━━━━━ SUPPLIED MATERIAL ━━━━━

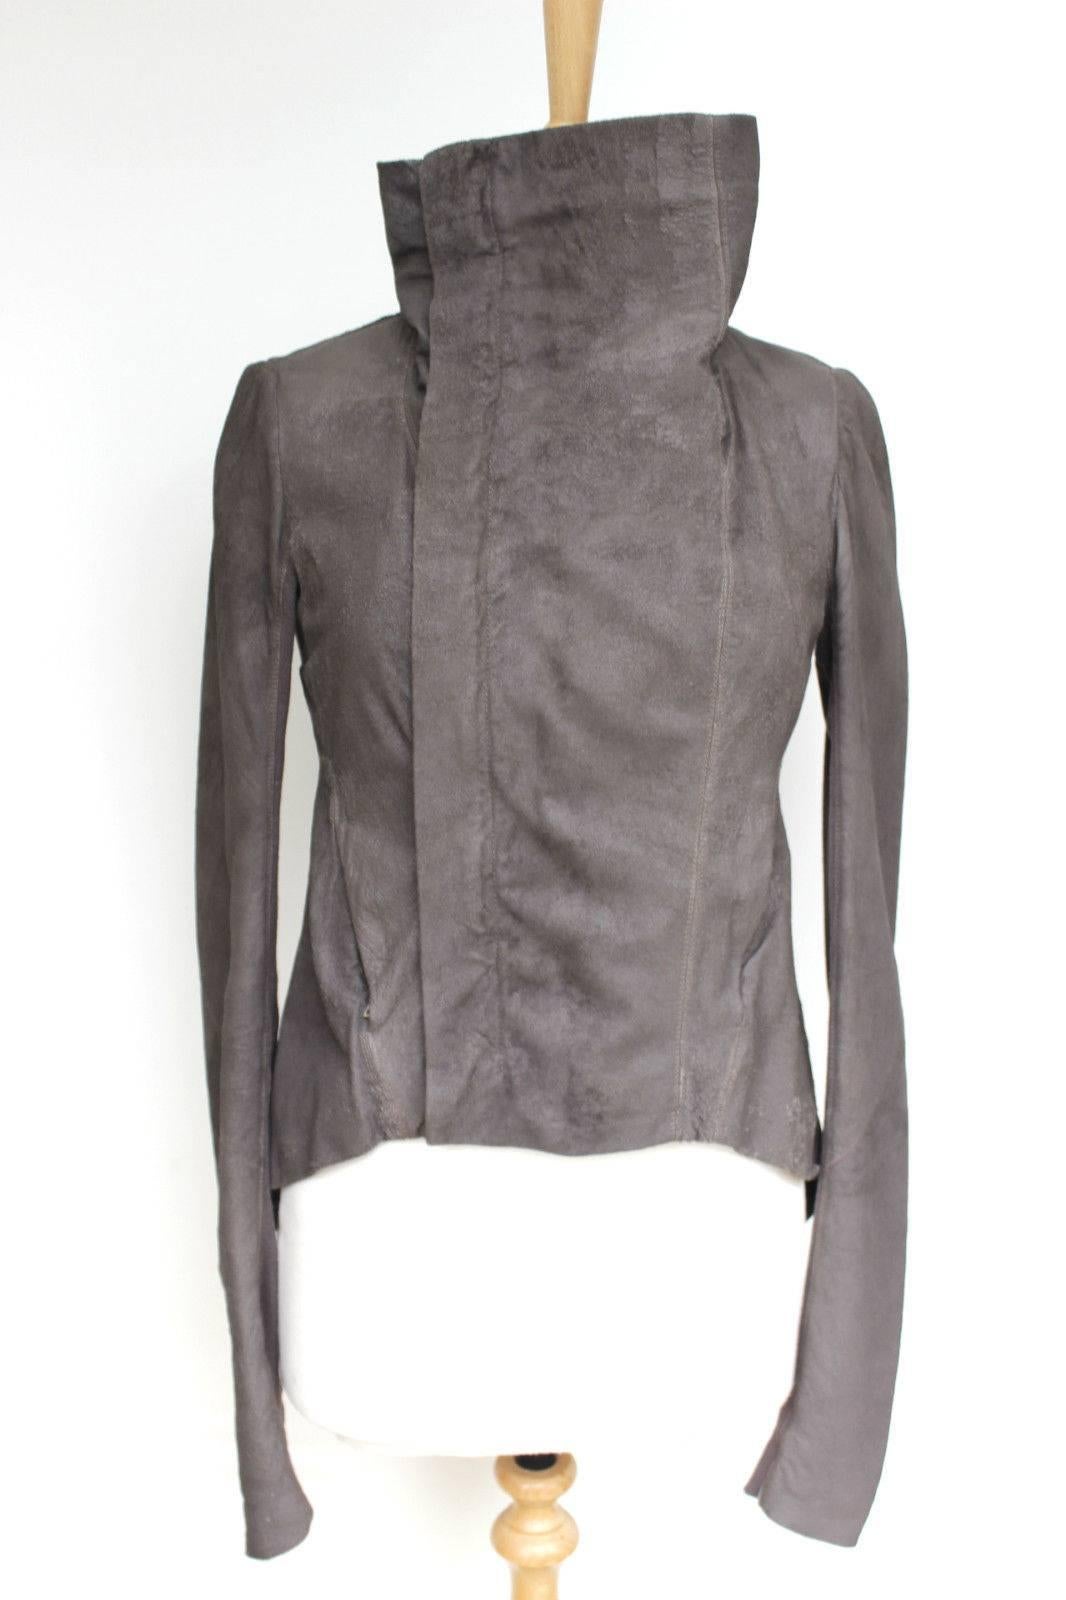 Rick Owens Celebrity Taupe brown blistered washed leather jacket UK 10

Crafted of distressed lambskin, this taupe peplum biker jacket adds Gothic elegance to all your looks. 
Tailored with fitted back panels that taper to a double tailed peplum at

━━━━━

Wherever the word "peplum" appears in the listing, copy the line that holds it.

RESULT OF THE TASK
Crafted of distressed lambskin, this taupe peplum biker jacket adds Gothic elegance to all your looks. 
Tailored with fitted back panels that taper to a double tailed peplum at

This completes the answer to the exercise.